Vietnam Directions API: Motorbike Routing & Turn-by-Turn the Google-Compatible Way
A developer how-to for the GoGoDuk Directions API: call /v1/directions, read real ETA and distance, decode the polyline onto your map, render turn-by-turn, and handle the ESTIMATED fallback.
Most location features in Vietnamese products start with a distance circle: "we deliver within 5 km." It is easy to ship and almost always wrong. In real cities, two points that are 3 km apart as the crow flies can be a 6 km ride once you account for rivers, one-way streets, bridges, and alleys—and a motorbike takes a very different path than a car. If your delivery fee, ETA, or driver assignment is built on straight-line distance, it drifts away from reality the moment traffic gets dense.
This how-to walks through integrating the GoGoDuk Directions API end to end: calling GET /v1/directions, reading the real distance and ETA, decoding the route polyline onto a map, rendering turn-by-turn instructions, and handling the straight-line fallback gracefully. The response is intentionally Google-Directions-compatible, so if you already speak that shape, most of your existing code carries over.
Why real routing beats straight-line distance
A routing engine answers a different question than a distance formula. Instead of "how far apart are these two points," it answers "what path does a vehicle actually take, and how long does it take." For Vietnam, the vehicle detail is the whole game:
- Motorbikes and cars route differently. Bikes cut through narrow lanes and alleys (
hẻm/ngõ) that cars cannot enter, and they are exempt from some car-only restrictions. A car-profile route over-estimates both distance and time for the way most Vietnamese deliveries actually move. - Straight-line distance under-charges and over-promises. A radius-based fee is cheap in the easy cases and badly wrong across a river or a one-way grid. A radius-based ETA promises arrivals your driver cannot hit.

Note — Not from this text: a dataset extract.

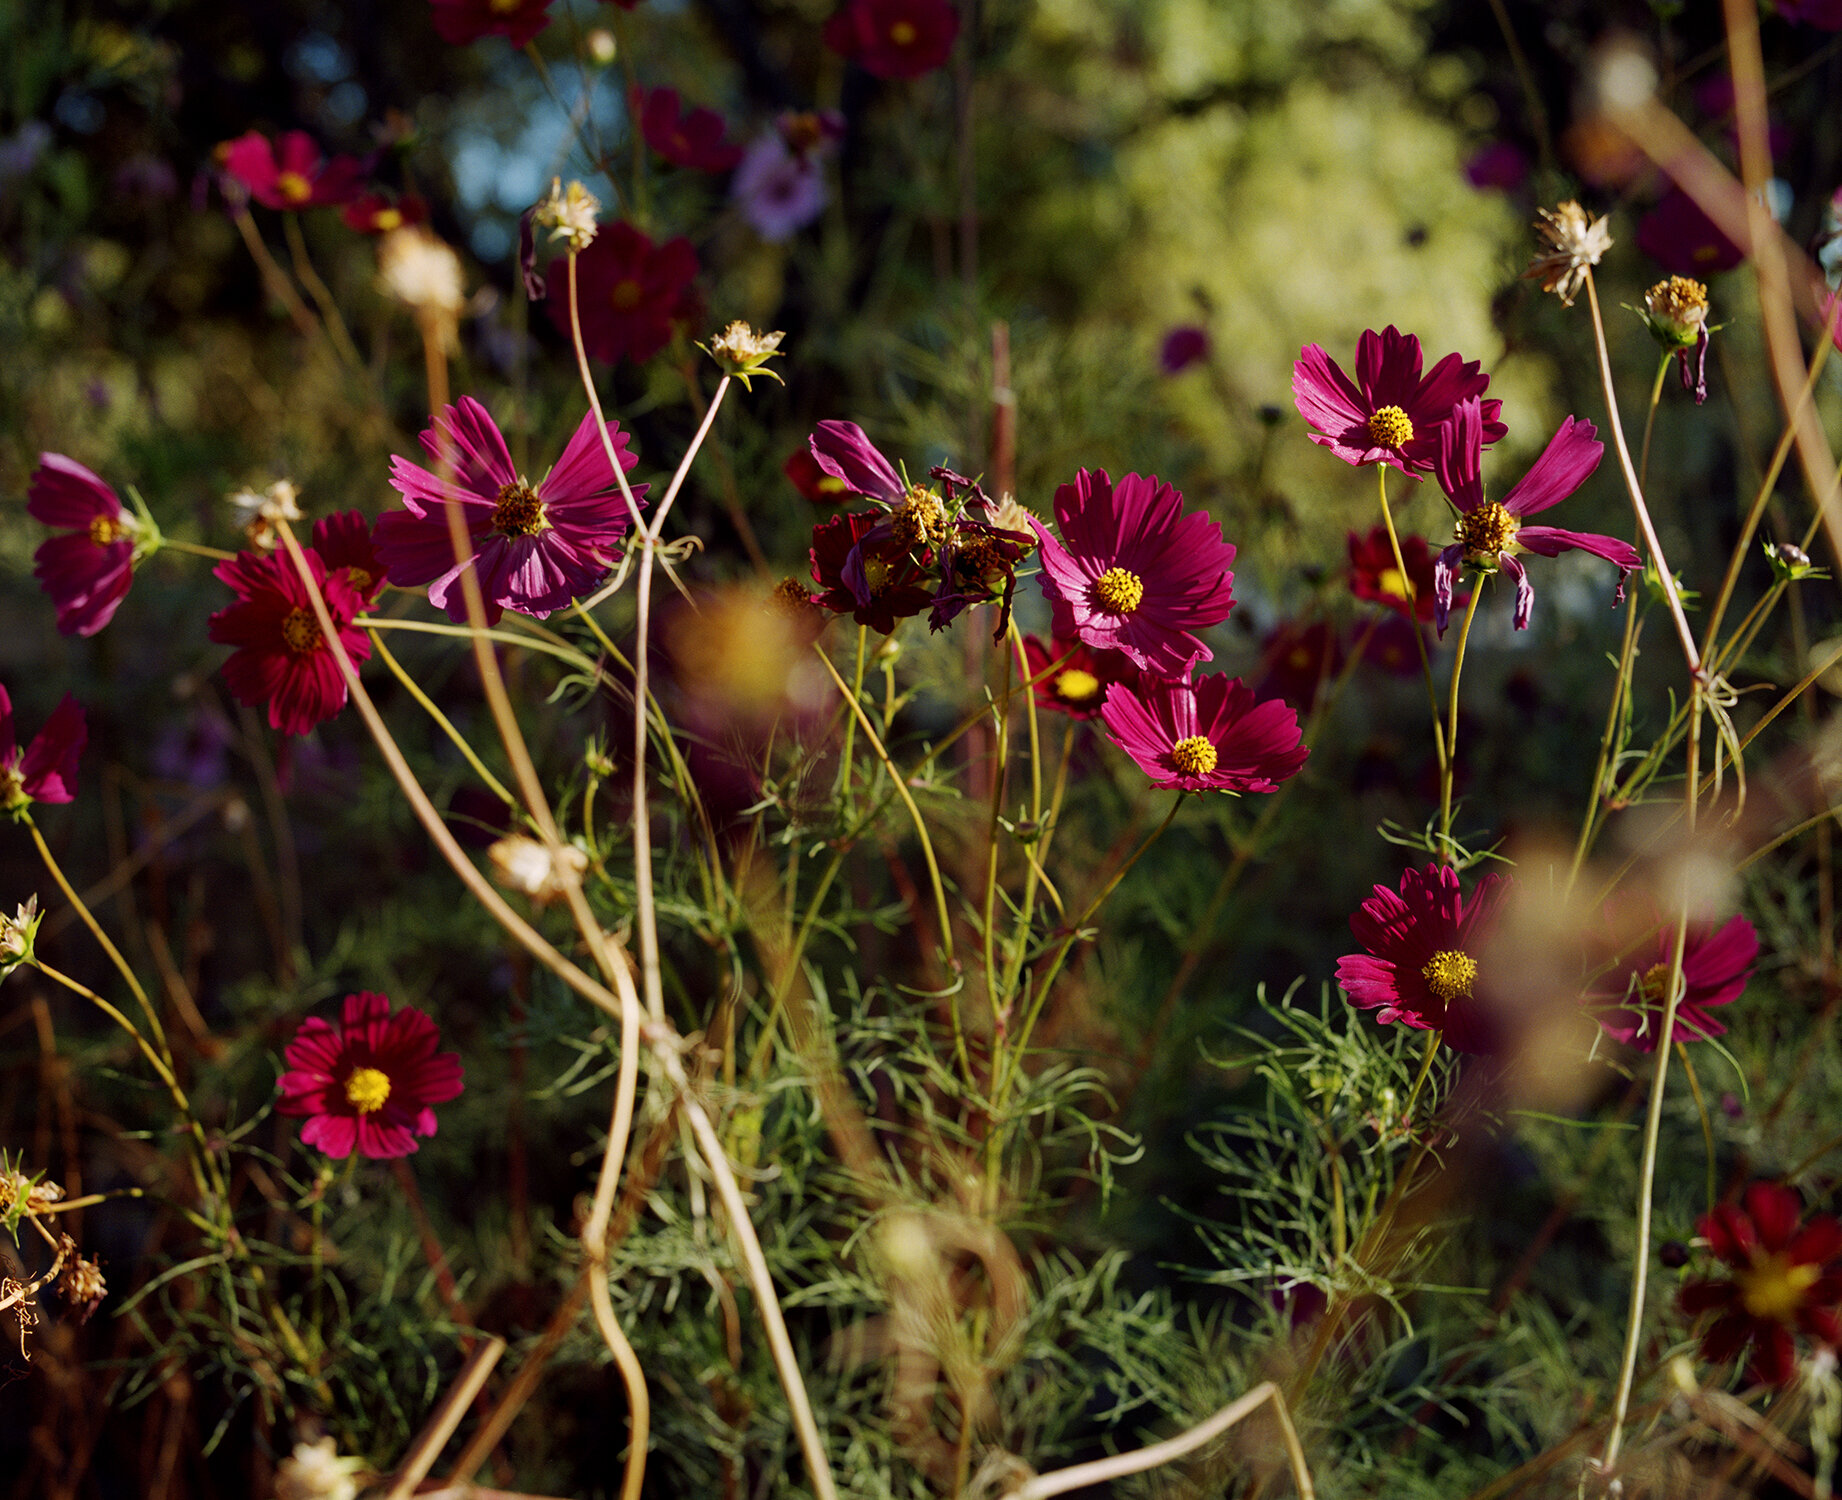  The Jaftha Farm  This image of the burgundy “Cosmos” bouncing in the breeze, with the central flower dying, was taken at the Jaftha flower farm, the only remaining flower farm of its kind in Constantia. After being evicted from Constantia to Parkwoo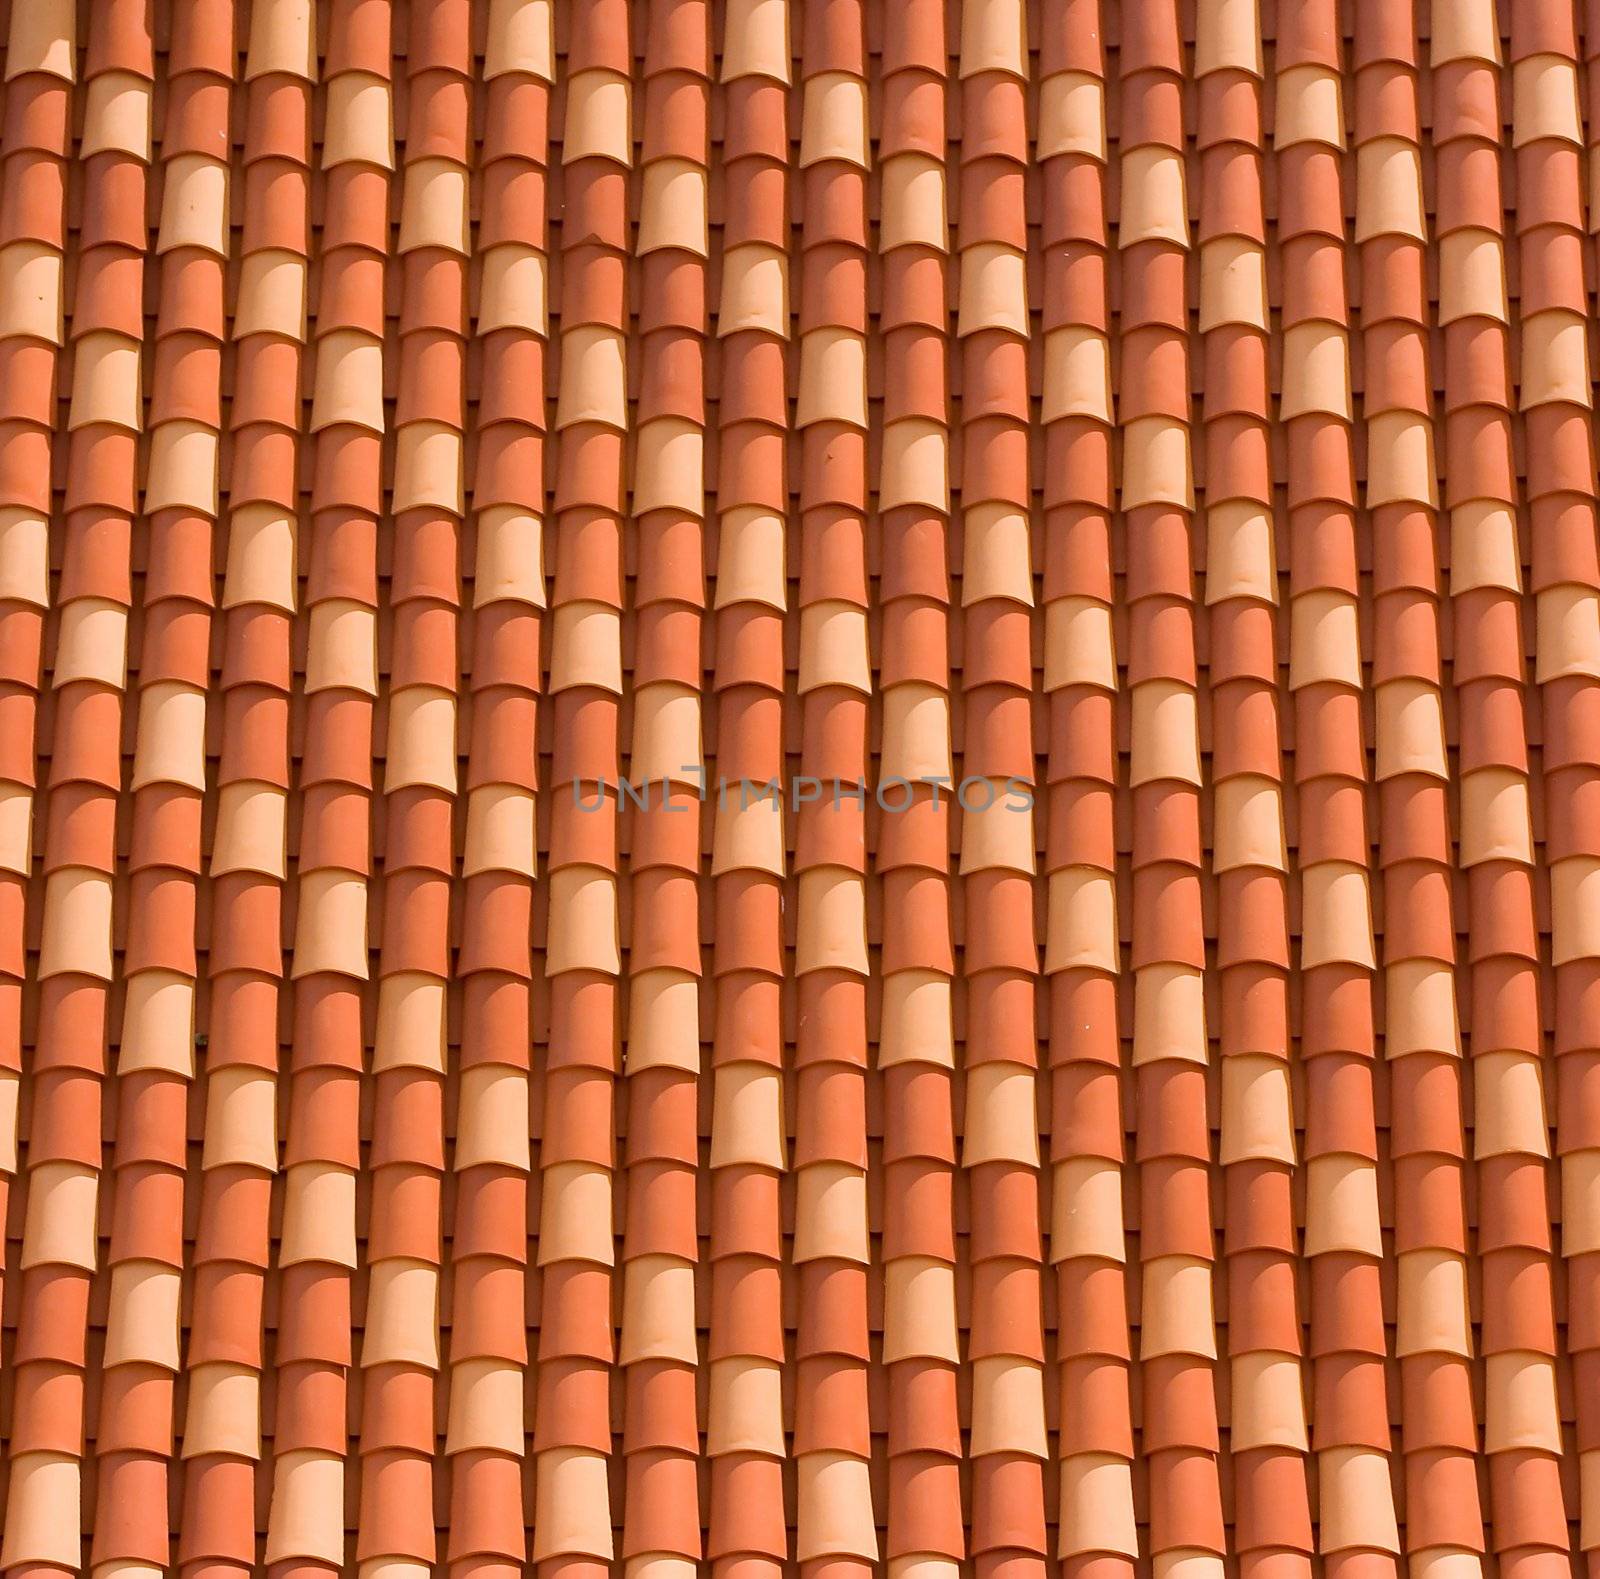 Typical red roof in Dubrovnik city

- The road graph changes. Real road networks have turn restrictions, dead ends, and disconnected segments. Only a routing engine that walks the graph captures them.
GoGoDuk's routing runs on the OpenStreetMap road graph tuned for a motobike profile, so the path—and the estimated time—match how a real rider would go. If you are new to the platform, the GoGoDuk developer overview covers the rest of the API surface (geocoding, suggest, boundaries).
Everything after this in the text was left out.